= Douglas Whiteway =

Canadian journalist and author (born 1961)

Douglas Alfred Whiteway (born 1961) is a Canadian journalist and author who lives in Winnipeg, Manitoba. He has a BA in Religious Studies from the University of Manitoba, and a degree in journalism from Carleton University in Ottawa. He has worked for the Winnipeg Tribune and the Winnipeg Free Press.

Under the pen-name "C. C. Benison," he is the author of a series of murder mysteries set on the estates of Queen Elizabeth II where the crimes are solved by housemaid Jane Bee, with the Queen's help. Titles include Death at Buckingham Palace, Death at Sandringham House, and Death at Windsor Castle. He is also the author of Death in Cold Type, a murder mystery set in Winnipeg.

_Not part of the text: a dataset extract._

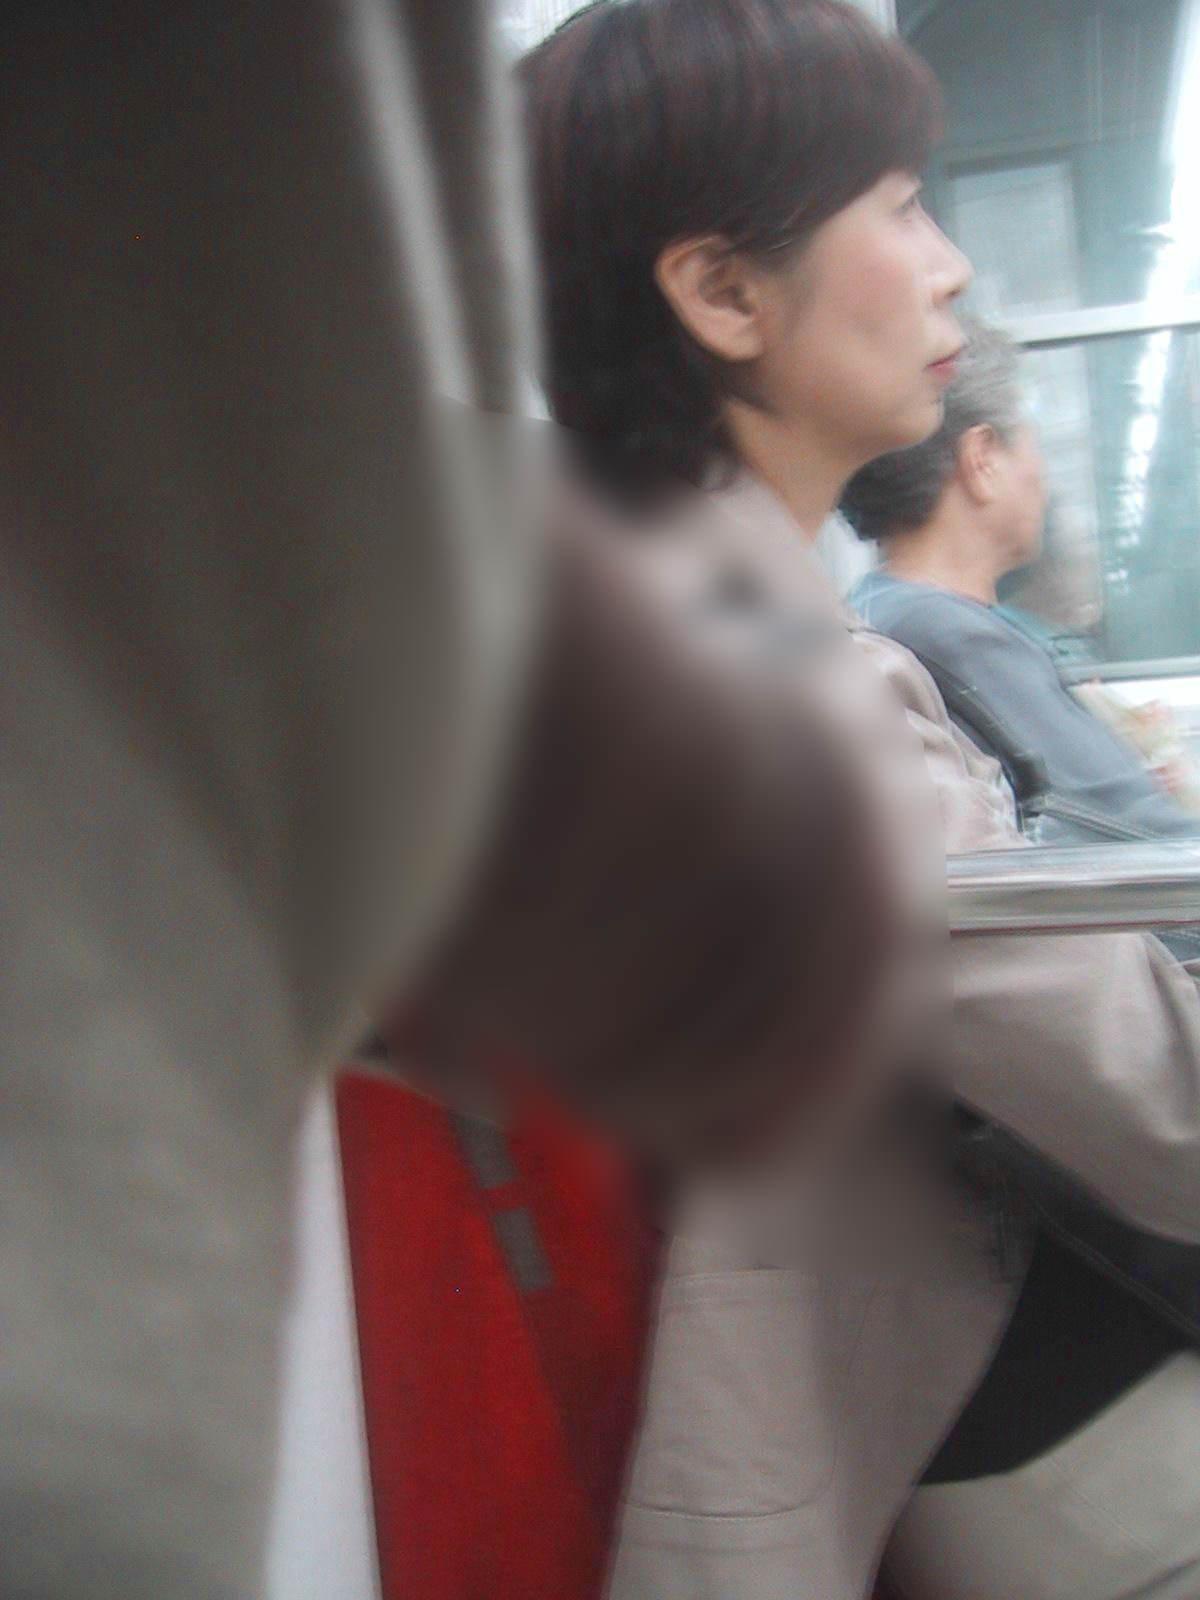 電車でちんこ出して痴漢するガチでヤバい奴現るwwwwwwwwww 0670

Death at Buckingham Palace has been translated into several languages: into Japanese as Bakkingamu Kyūden no satsujin in 1998, into German as Mord im Buckingham-Palast in 1997, into Spanish in 1999 as Muerte en el Palacio de Buckingham. Death at Sandringham House has been translated into German as Mord auf Schloss Sandringham: ein königlicher Kriminalroman, and Death at Windsor Castle into Japanese as Uinzājō no himitsu.

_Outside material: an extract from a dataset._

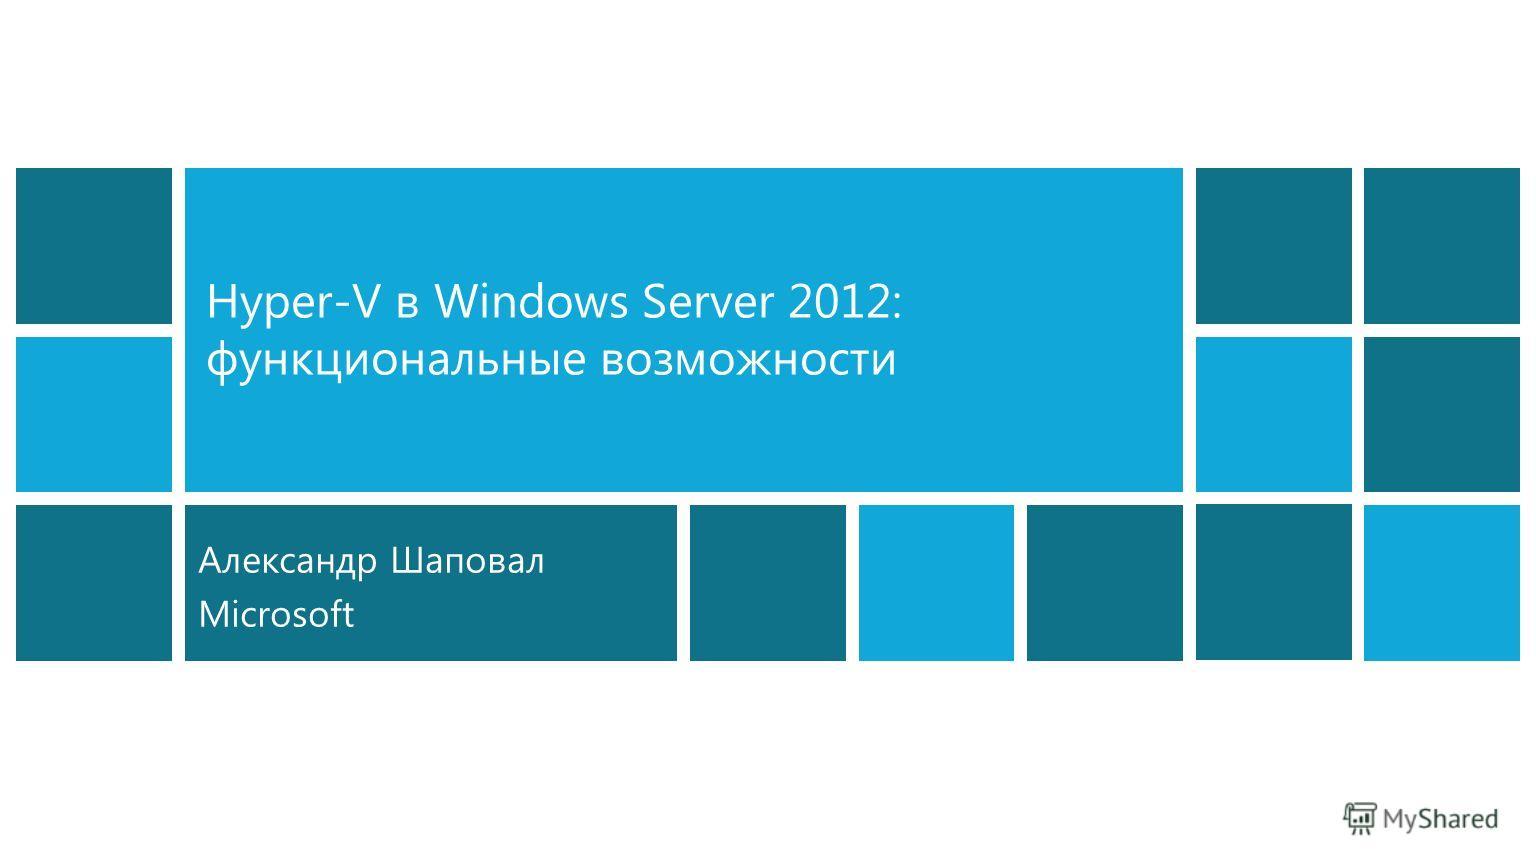 Hyper-V в Windows Server 2012: функциональные возможности Александр Шаповал Microsoft

With Barbara Huck he co-authored In Search of Ancient Alberta (Winnipeg: Heartland Publications, 1998).

He was associate editor of The Beaver, a Canadian history magazine, from 1998 to 2006. He later became editor of The Beaver. He was Writer in Residence for the Winnipeg Public Library in 2007/08.

In the autumn of 2011, Benison published Twelve Drummers Drumming, the first of a series of crime novels inspired by the Christmas carol, The Twelve Days of Christmas. The mystery series follows Father Tom Christmas, a priest in an English village, who often stumbles upon murder. The second, Eleven Pipers Piping, was published in October 2012. The third, Ten Lords A'Leaping, was published in December 2013. In October 2018, he published Paul is Dead: A Novel, a psychological thriller. In the autumn of 2020, a non-canonical Father Christmas mystery, a novella, The Unpleasantness at the Battle of Thornford was published.